*YOUR TASK*:
Set down all of the data that follows word for word, without the images.

*RAW DATA*:
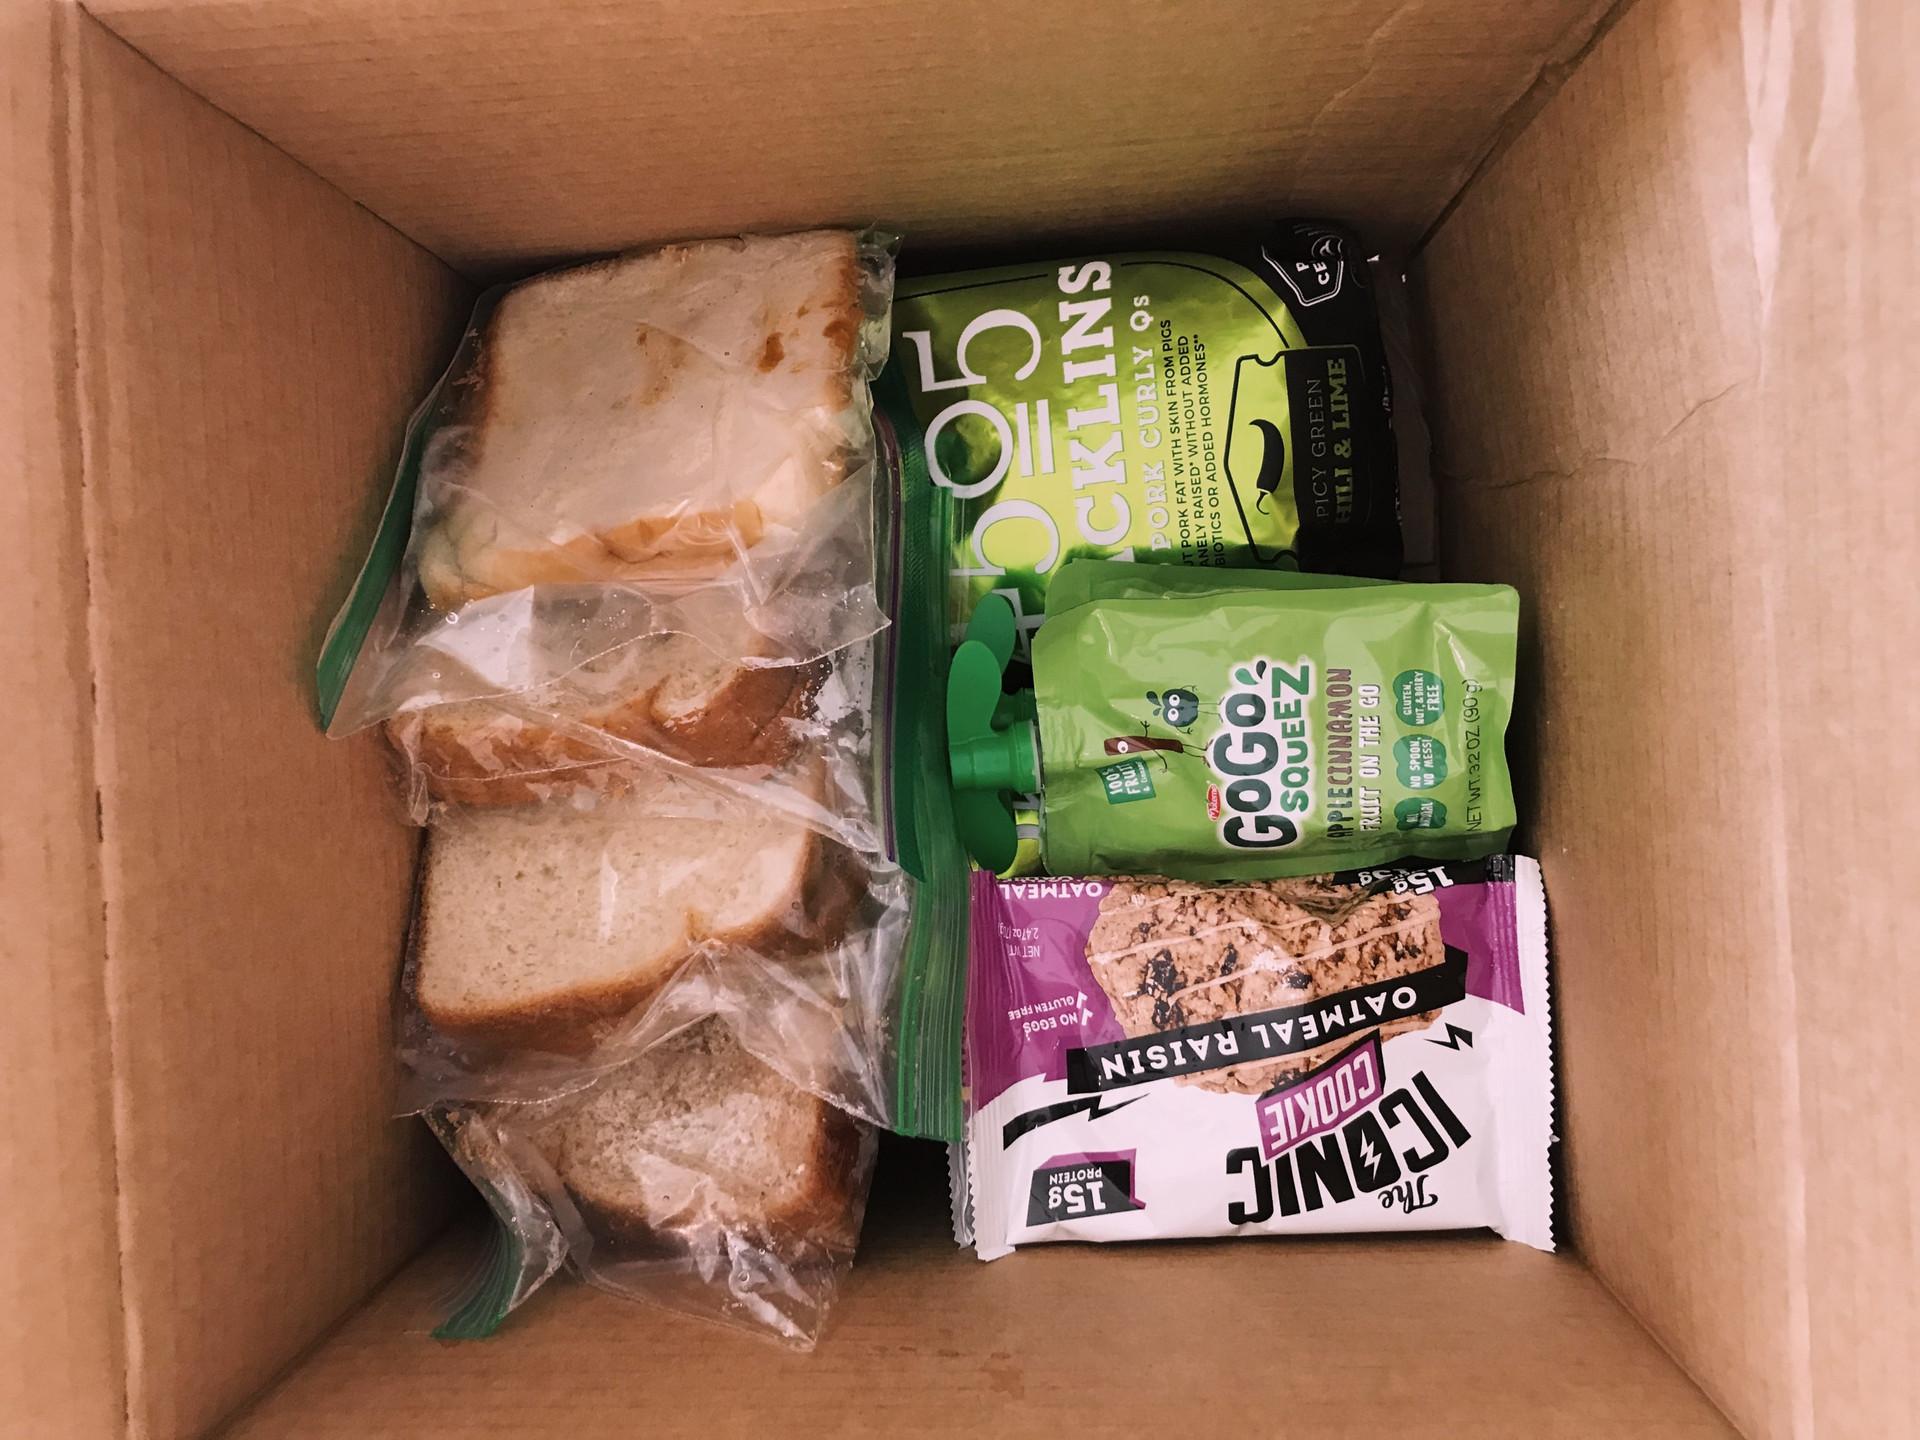 weekly box using donated goods
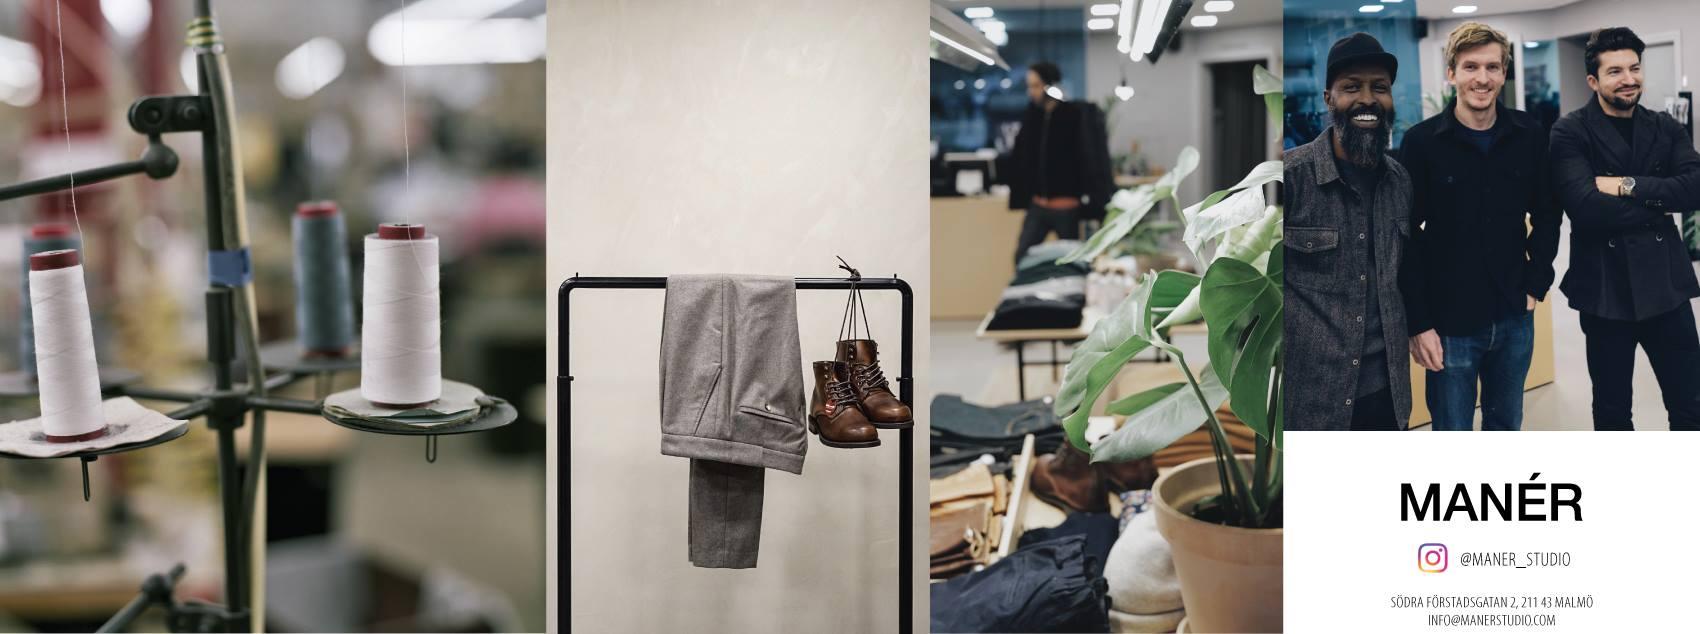 Manér Studio – Bespoke Jeans made in Malmö
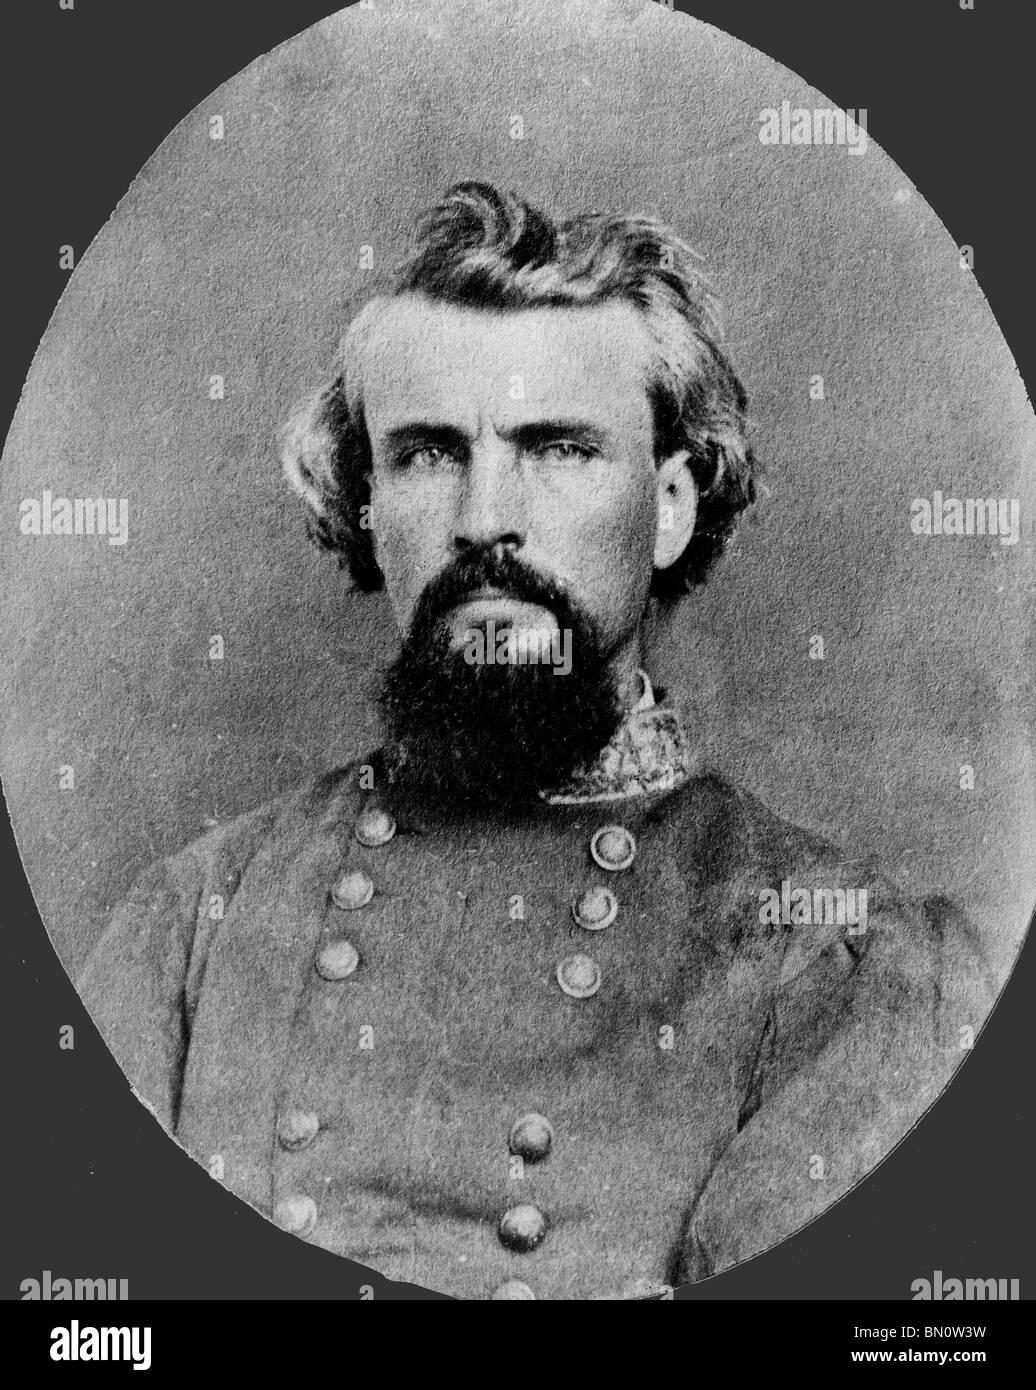 General Nathan B. Forrest - Confederate General - USA Civil War - Stock Image

*EXERCISE ANSWER*:
 weekly box using donated goods
 Manér Studio – Bespoke Jeans made in Malmö
 General Nathan B. Forrest - Confederate General - USA Civil War - Stock Image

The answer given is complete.